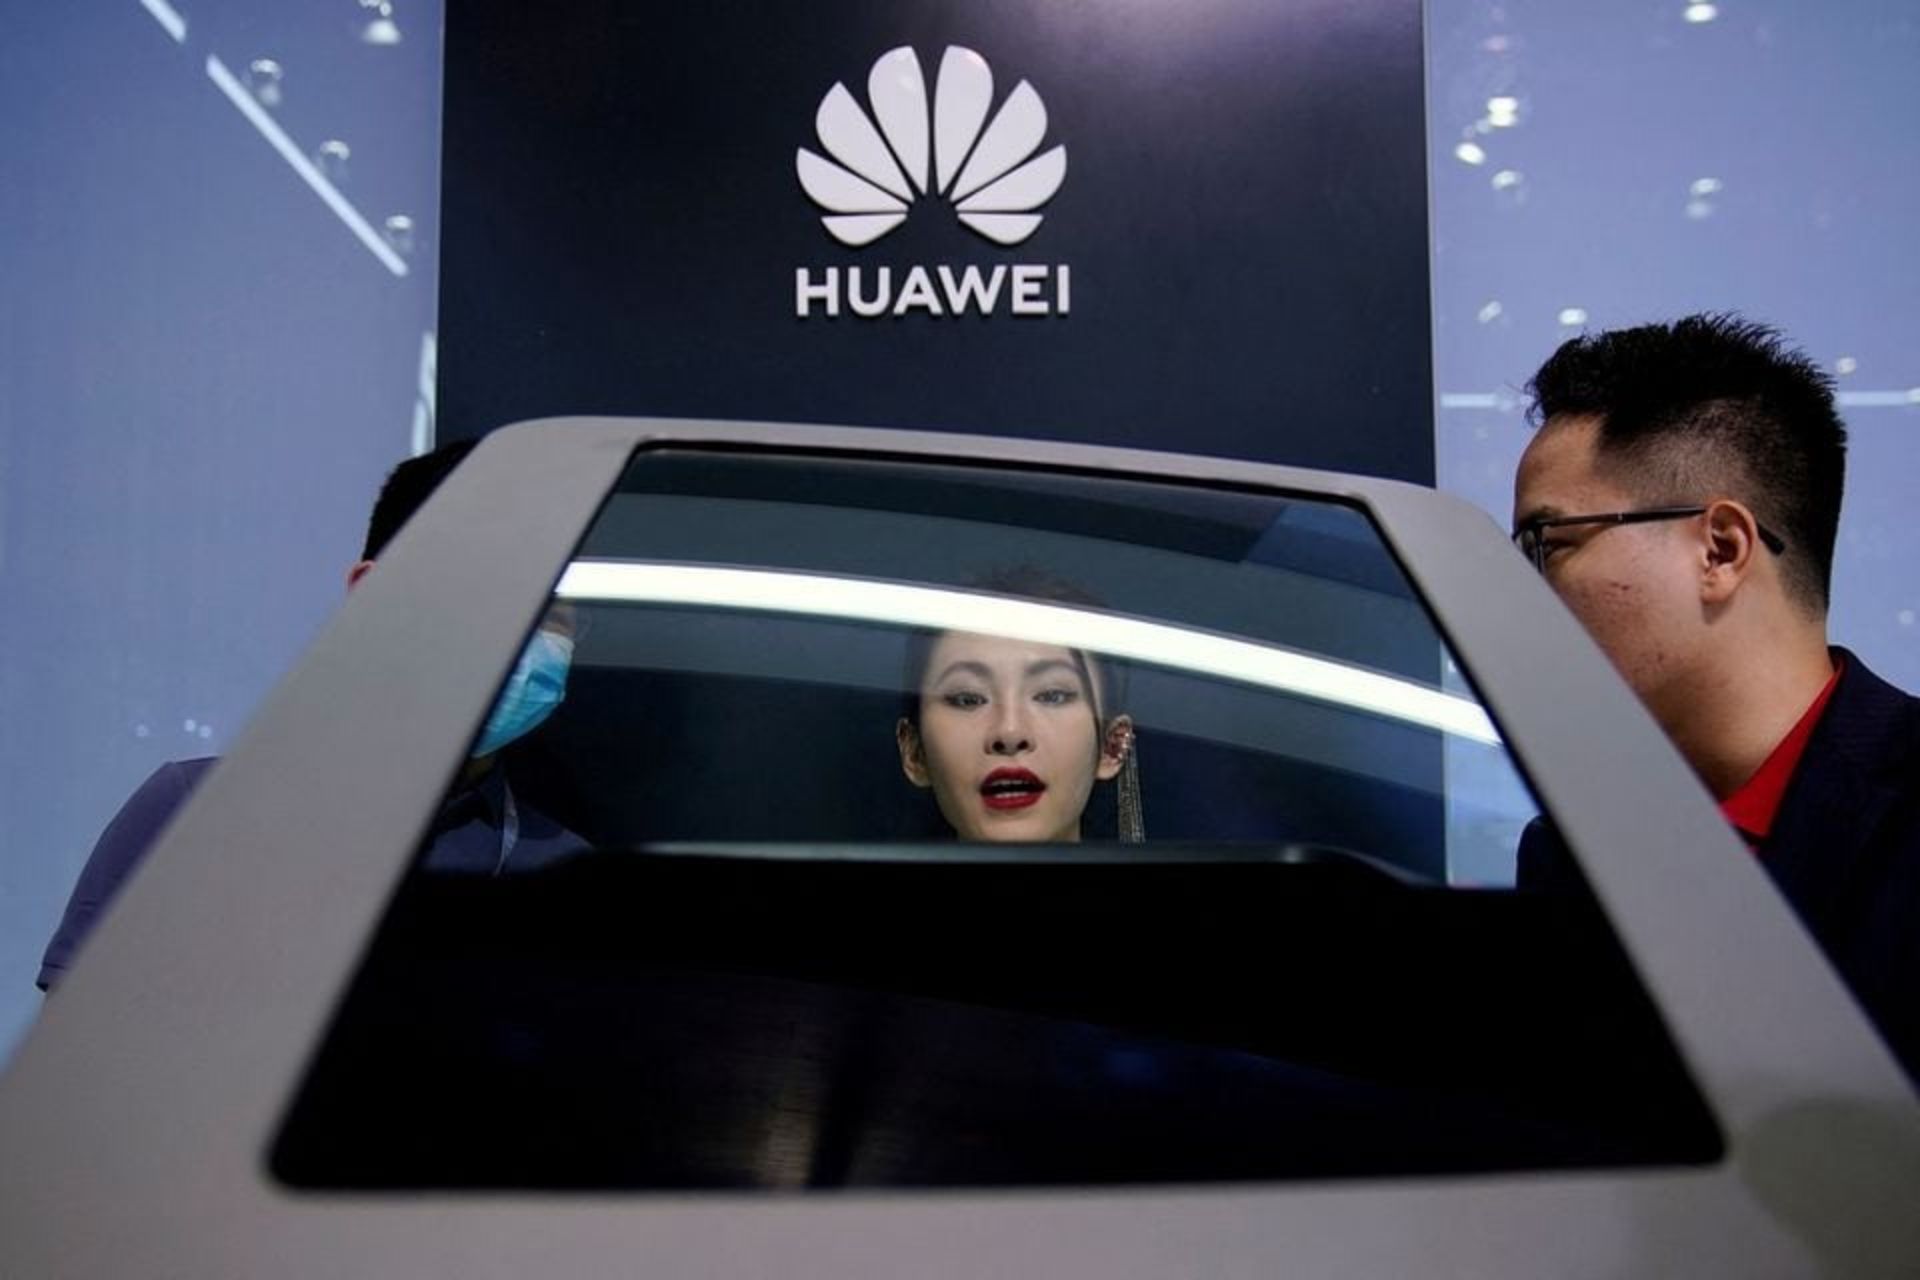 مرد و زن چینی در مقابل لوگوی هواوی در حال نگاه کردن به خودروی هوشمند
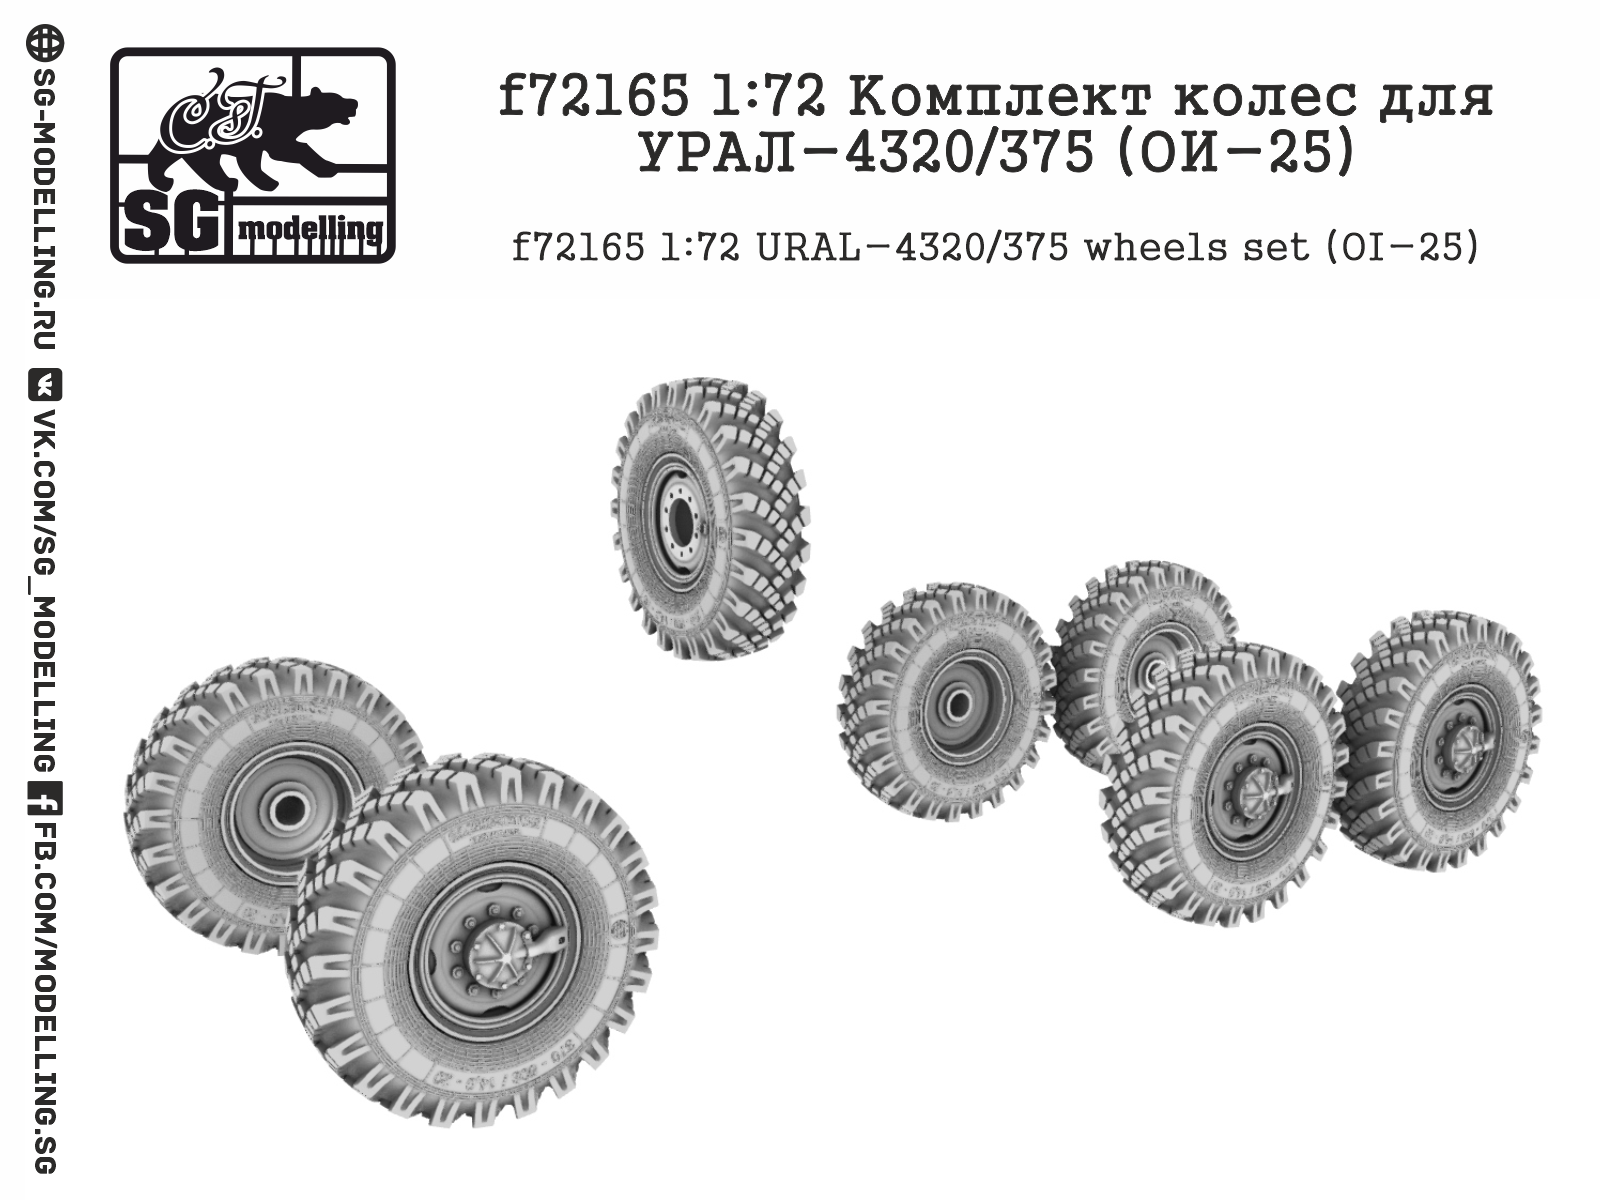 f72165  дополнения из смолы  Комплект колес для УР@Л-4320/375 (ОИ-25)  (1:72)
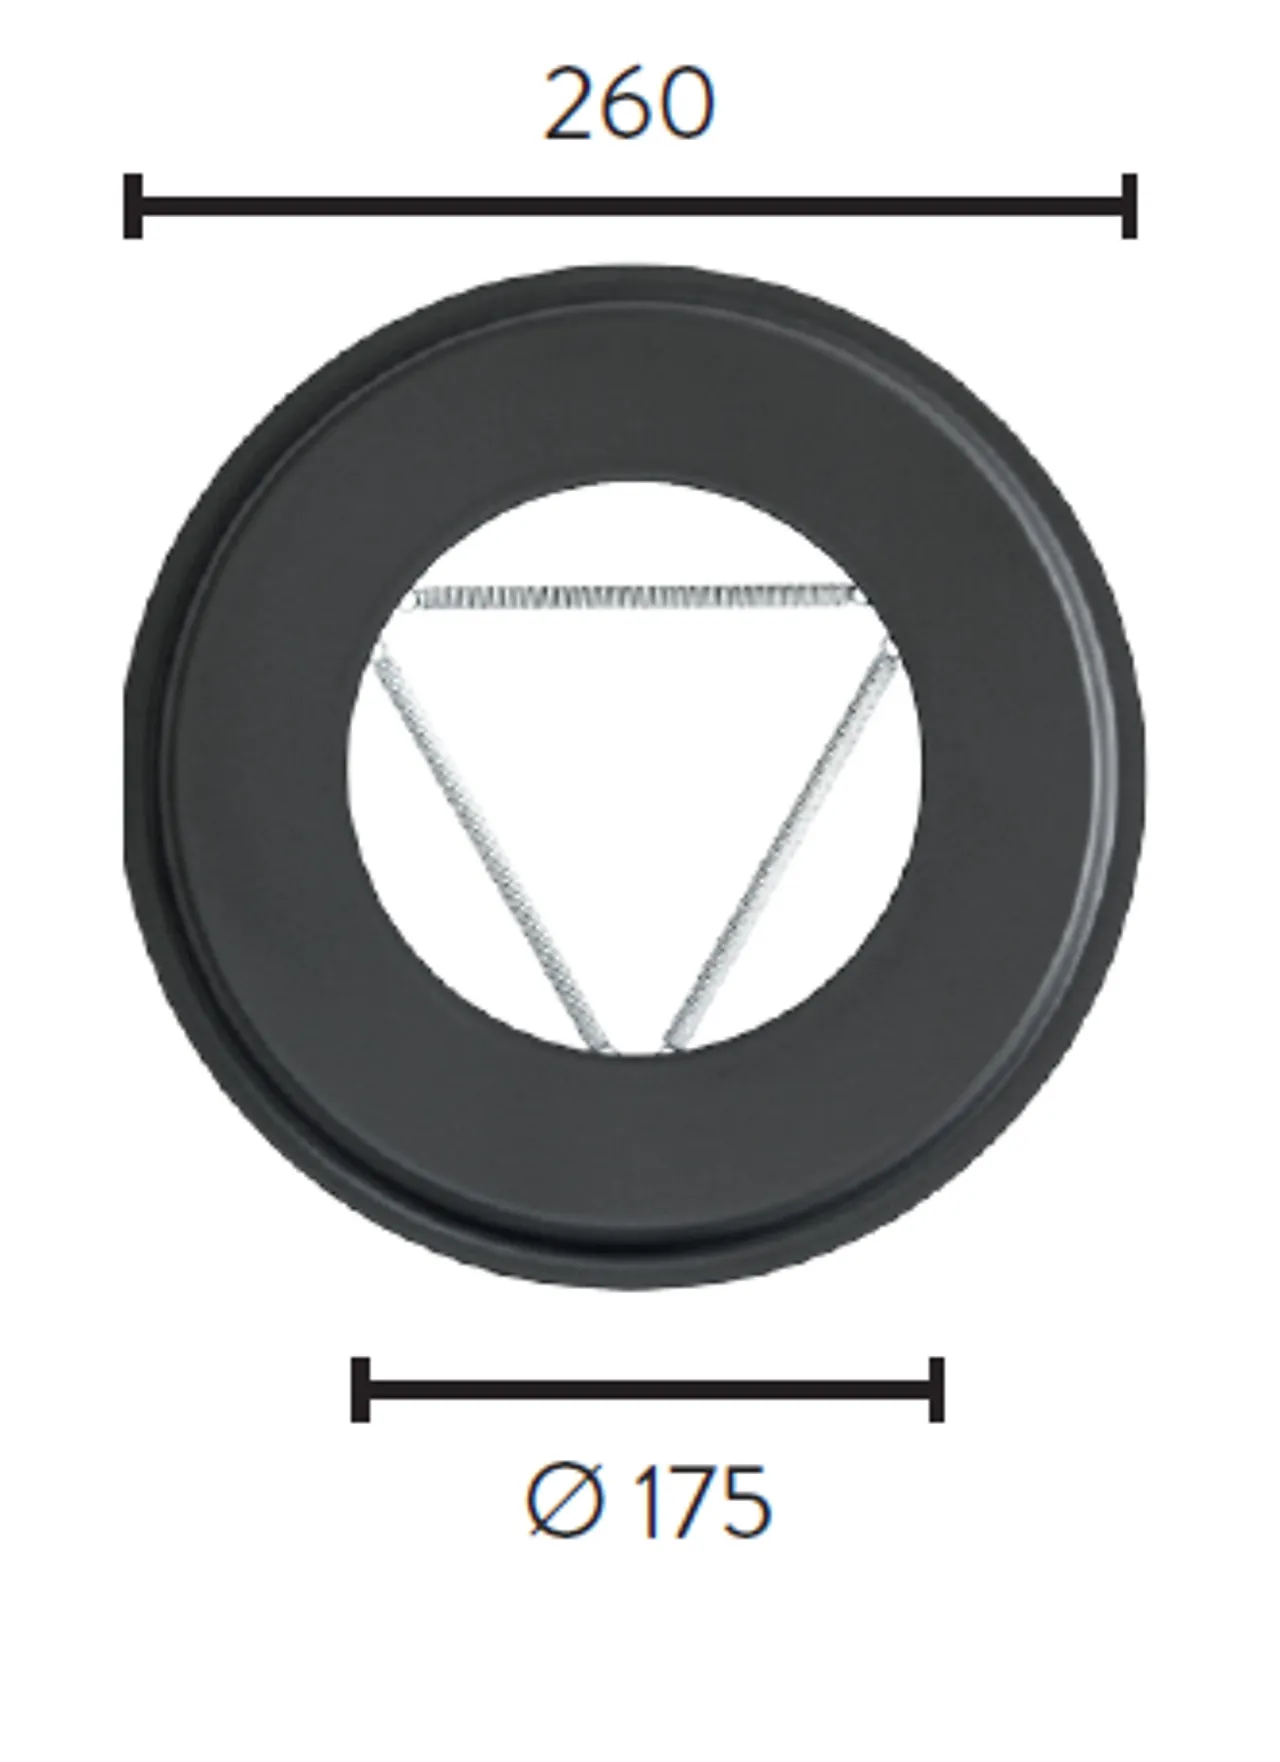 Pyntering ø175 ø260 utv sort mbe matt sort emalje 2,3mm

Prompt:
Retype all the data exactly. Omit pictures.

Expected answer:
 مرد و زن چینی در مقابل لوگوی هواوی در حال نگاه کردن به خودروی هوشمند
 f72165  дополнения из смолы  Комплект колес для УР@Л-4320/375 (ОИ-25)  (1:72)
 Pyntering ø175 ø260 utv sort mbe matt sort emalje 2,3mm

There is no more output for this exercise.